I think the final question: which produces better musicians?... is almost impossible to answer. Of course, ABRSM produces musicians who have the musical skills *which are valued in the culture which produced the ABRSM system*. Valuable skills, but not necessarily the only ones to have.
Also, some countries seem to want every child to be able to play at a basic level. Others want a handful of global-standard stars...neither would be happy with the other country's yardsticks for a good musical education system!
Japan has a hotchpotch of systems...there are few grade systems which embrace as many instruments as the British and British-derived systems, but the big instrument manufacters have whole companies devoted to music education (and some of those have branched out farther into kids' tutoring/sports/dance or adult/senior citizens culture/education/activities). Those do have exams, but relatively few people take them. With group classes, though, people aren't likely to join an advanced class if they can't keep up.
Yamaha USA grade exams...note that grades run from 9 at the bottom to 1 at the top. There are more exams available in Japan than in the USA, of course.
Kawai Music School, originally just teaching piano, starts with toddlers classes and runs the gamut from cembalo and shamisen to opera singing and jazz guitar...I don't think they offer grade exams, but they have regular student concerts, and will prepare people for conservatorium auditions...they are in other words, a corporate version of your neighborhood instrumental teacher.
For piano, everybody seems to work through a couple of series of studies, which are used as a benchbark. You have to have finished the Czerny studies to be accepted as a kindergarten teacher in many cases, for example.
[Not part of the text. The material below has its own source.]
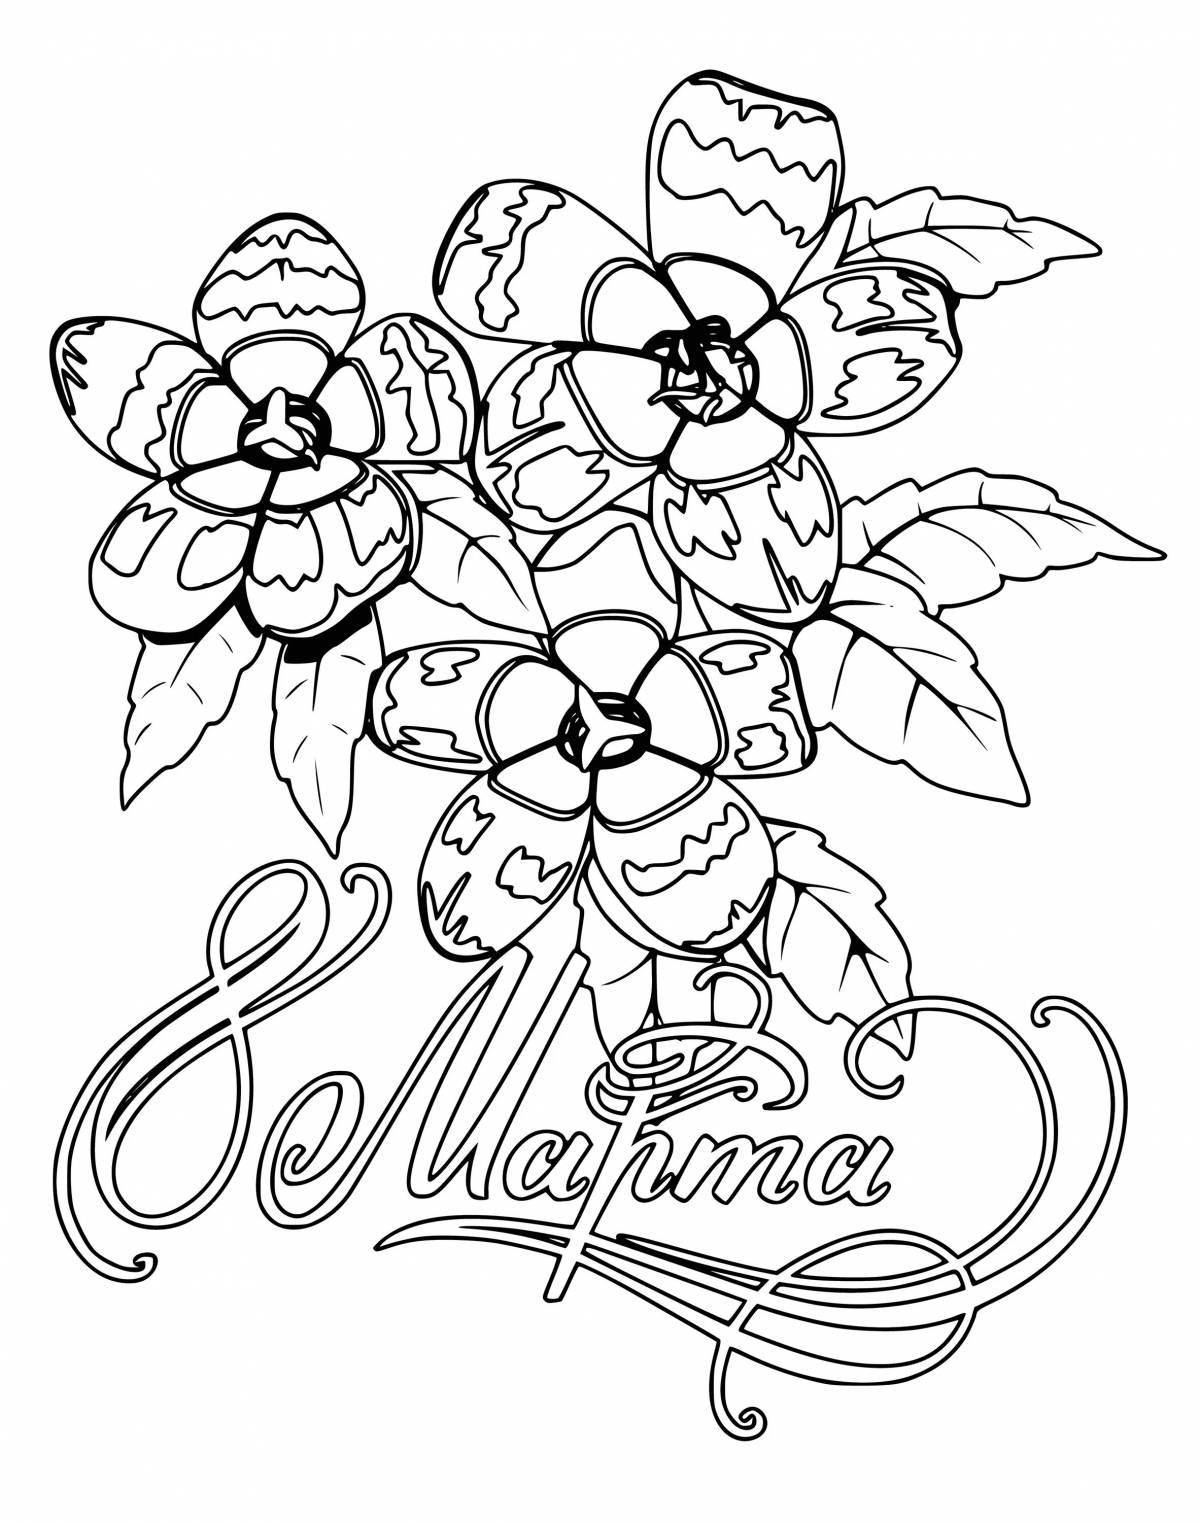 Coloring page dazzling mom March 8

When you go to buy popular music, you will often find a little note on it saying ("difficulty equivalent to Czerny No. xxx").
For violin, the Suzuki books have become a sort of defacto standard at the pre-intermediate levels, but from intermediate onward, things are much more fluid.
There is more musical education at primary and intermediate schools than in many countries. Not only are all kids taught melodica, recorder, and what we call alto recorder (but I think it might be tenor in "real" English???), they are supposed to learn to read music, sing in tune and maintain parts (the teacher makes each child raise their hand when they think they've got their voice in tune with everybody else's, for example), and recognize certain classical pieces. The snag is that there are no exams, so you can pass through school without ever mastering one tenth of what is in the very impressive curriculum.
There is a bigger emphasis on performance here - if you are not serious about music, then you learn to play as well as you want to or your teacher pushes you. Otherwise, you are supposed to get onto the competition circuit and PROVE YOURSELF!!

So it's not how well you can play, it's how much better than everybody else you can play that matters!
Finally (at last, they all groan), one problem with grade exams...learning 3 short pieces for an exam seems to result in people passing through their entire musical education without ever playing a "major" piece. I could at one time play flute to G6 level or maybe a tad better (I think!!!), but I was very sure that concerti and so on were not for the likes of oi. I'd never played through an entire concerto or symphony, so I didn't really know what to listen for when I listened to them, either. So if grade exams are the main part of your musical education, joining a good orchestra should be a momentous experience!